Navy's bowl chase turns to scoreboard-watching

Independent Mids stand to benefit if tie-ins falter

College Football

November 25, 2003|By Kent Baker | Kent Baker,SUN STAFF

As an independent team with no conference affiliation, Navy finds its bowl-game fate largely rests in the hands of others.

Several scenarios still must be played out before the Midshipmen learn into which postseason game they could land after they earned bowl eligibility with Saturday's rousing 63-34 victory over Central Michigan.

At this point, the best possibilities, in order, seem to be: the Houston Bowl on Dec. 30, the Fort Worth Bowl on Dec. 23 and the Music City Bowl on New Year's Eve.

But the order could change depending on the outcome of games this week and next.

The eight schools selected for the Bowl Championship Series will have an impact on Navy's potential destinations, because if two teams from the Big 12 and/or Southeastern conferences make the BCS, the ripple effect would create openings at the lower levels of those leagues' bowl tie-ins.

For instance, if Nebraska beats Colorado on Friday -- making the Buffaloes ineligible -- the Big 12 would be one team short of fulfilling its eight links to bowl games. That becomes certain because No. 1 Oklahoma and either Texas or Kansas State seem headed for BCS selection. That will happen for Texas if it wins against Texas A&M and Oklahoma defeats Kansas State in the Big 12 championship game on Dec. 6, for Kansas State if it beats Oklahoma.

With Colorado out, an opening would exist in the Fort Worth Bowl, which gets the Big 12 eighth team.

The Tangerine Bowl was eliminated as a possibility for Navy when Kansas won Saturday.

The Music City Bowl (Nashville, Tenn.) might open if Texas loses to Texas A&M and two SEC teams enter the BCS, a possibility if either Florida or Georgia beats Louisiana State in the SEC championship game.

The Houston Bowl is wide-open because of a decision to end its affiliation with Conference USA after last year, although a Big 12 entry is still possible if Texas loses.

"There really won't be a decision made until after the conference championships," said Houston Bowl executive director David Ippoliti. "We're not sure right now, but we might scout Navy's final game. There is always interest."

Fan support is one of the bowls' major considerations, and interest from Navy supporters barely dropped even during the three seasons when the team compiled a 3-30 record.
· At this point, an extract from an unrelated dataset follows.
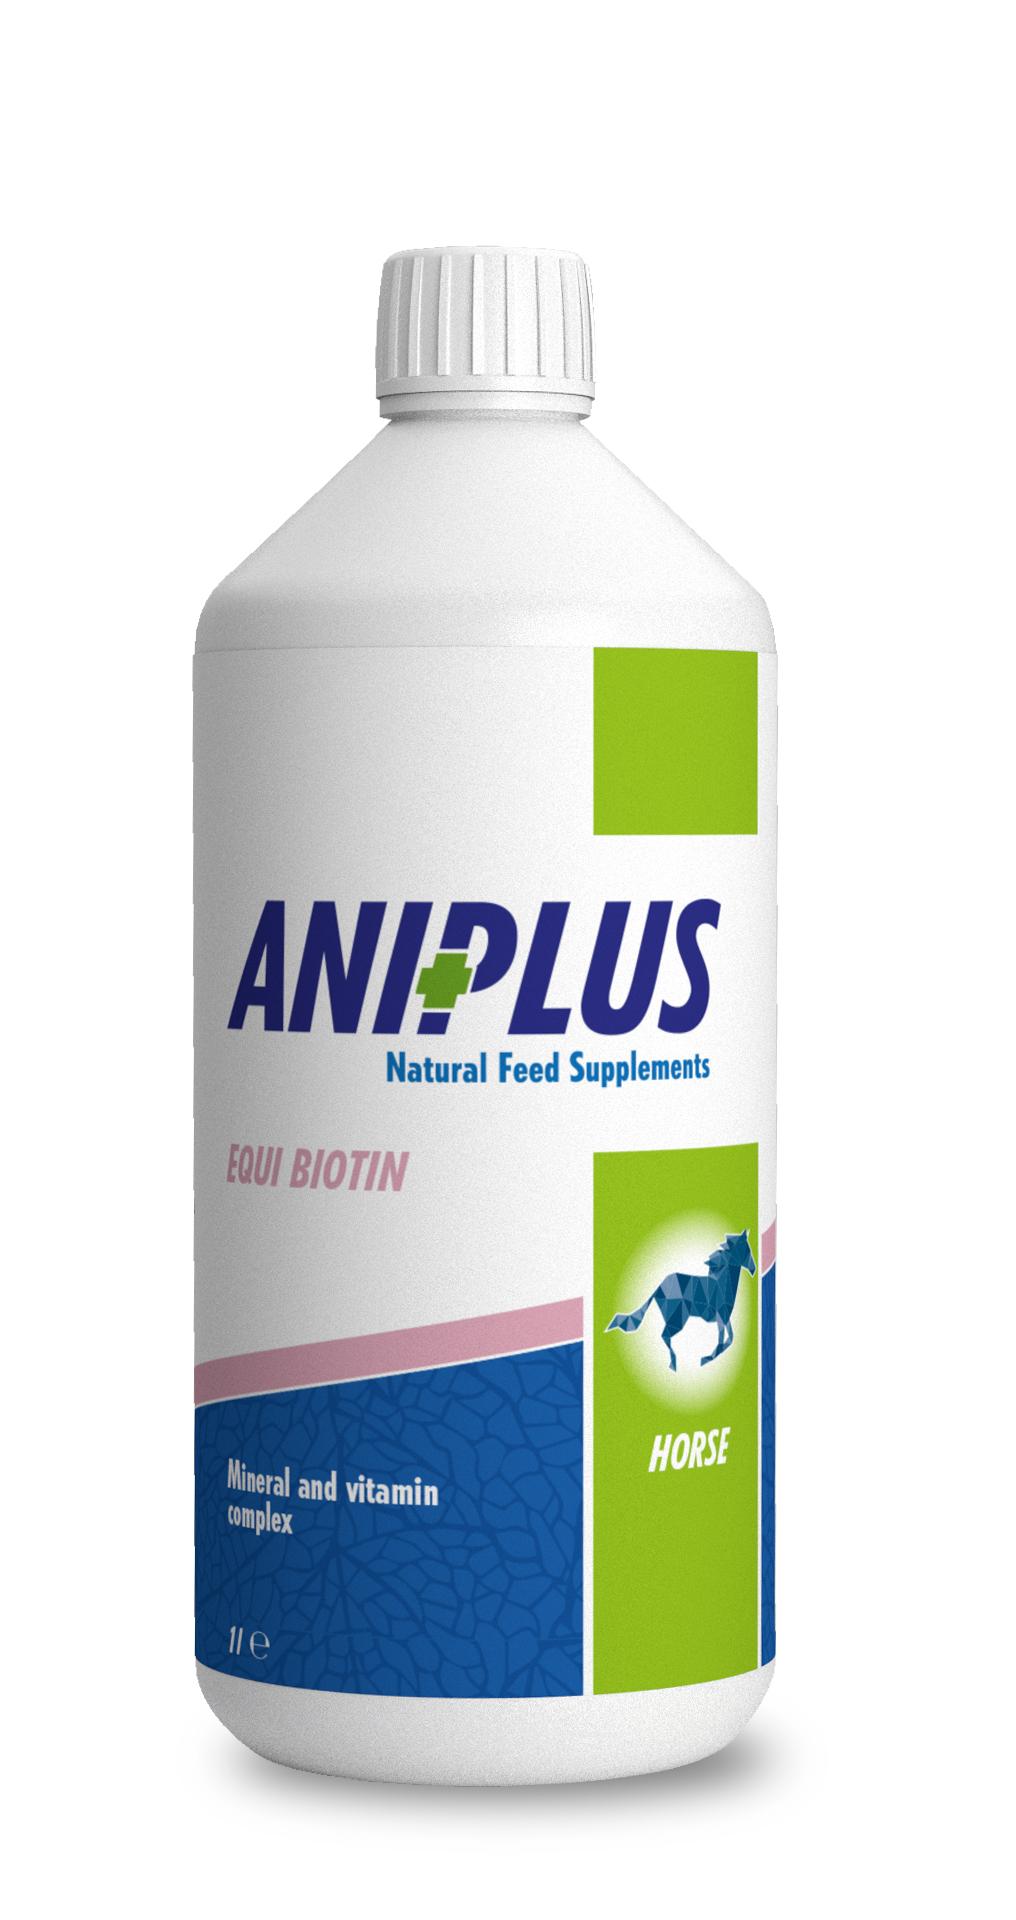 Aniplus_1L-Equi-Biotin

The service academies are different in the sense that their alumni are spread all over the country and the world.

One potential problem for the Midshipmen: 12 conferences have more eligible teams than bowl tie-ins. That situation is most pronounced in the resurgent Mid-American Conference, with six qualifiers and only two secure bowl positions. That will leave several attractive teams -- perhaps Northern Illinois and Toledo -- up for grabs.